Figura 33: Tasso di imprenditori nascenti, 2008-2012
Fonte: OCSE, The Missing Entrepreneurs 2014, figura 2.6 a pagina 37
Come non bastasse, Figura 34 (figura 2.16 a pagina 45 del rapporto OCSE) mostra che il nostro è il paese in cui la percentuale di imprenditori nelle prime fasi delle attività imprenditoriali che si aspettano di creare almeno sei posti di lavoro nei prossimi cinque anni è, di nuovo, la più bassa in Europa. E ciò tanto per le donne che per gli uomini.
Figura 34: Percentuale di imprenditori nelle prime fasi delle attività imprenditoriali che si aspettano di creare almeno sei posti di lavoro nei prossimi cinque anni, 2008-2012
Fonte: OCSE, The Missing Entrepreneurs 2014, figura 2.16 a pagina 45
Drammatico. Abbiamo bisogno di politiche per l’imprenditorialità. Inclusive. Perché lo Stato conta.
- Una nota conclusiva
Ho voluto dedicare del tempo prezioso, mio e delle persone che lavorano con me, a contrastare Il chiacchiericcio assordante con il quale le Very Serious People nascondono la propria incompetenza e il proprio schieramento ideologico (non so quale prevalga, lo si decide caso per caso, VSP per VSP) in materie economiche, di politica economica, di economia industriale. Ho infarcito questo breve scritto di una quantità forse eccessiva di dati, ma sono del parere che più sia meglio che meno. Ovviamente non sempre l’evidenza empirica portata a supporto delle tesi esposte è lineare e incontrovertibile. A chi me lo farà notare, rispondo fin d’ora: “Gentile Signore/a, mi mostri la Sua e poi parliamo.”

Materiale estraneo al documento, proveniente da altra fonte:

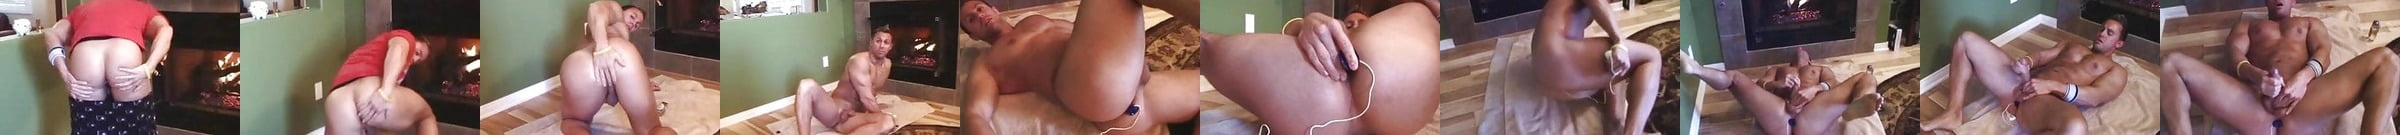 Featured Vibrator Gay Porn Videos 2 Xhamster
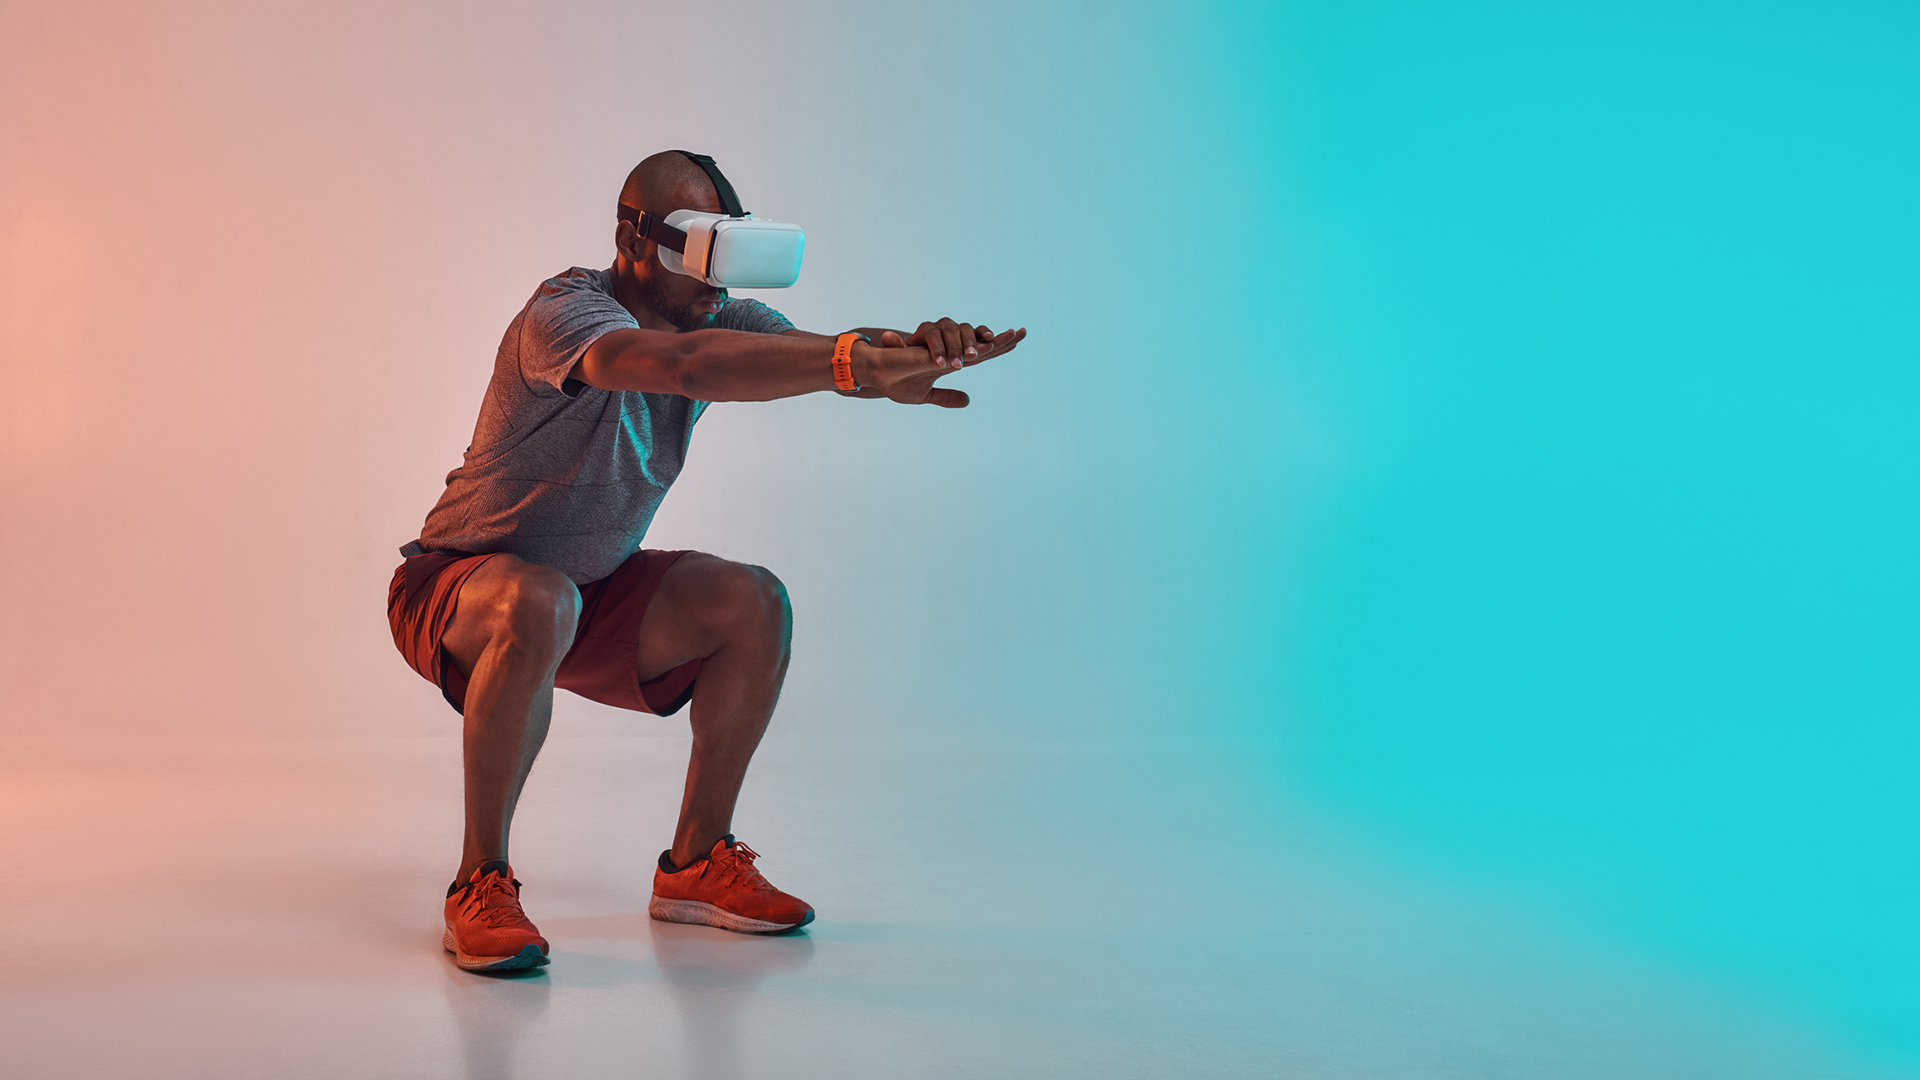 VR technology and 3D capture could allow physiotherapy at home

[1] Istat definisce la PTF come “il rapporto tra la misura di volume del valore aggiunto e una misura di volume dell’impiego complessivo del capitale e del lavoro.”
[2] La scelta di lavorare con il concetto di produttività del lavoro è dovuta al fatto che le comparazioni internazionali sono molto più agevoli di quanto non siano quelle per la PTF, e il concetto più intuitivo.
[3] In questo articolo, per ‘globalizzazione’ intendiamo il processo attraverso cui le attività produttive necessarie a realizzare un prodotto sono suddivise tra più paesi.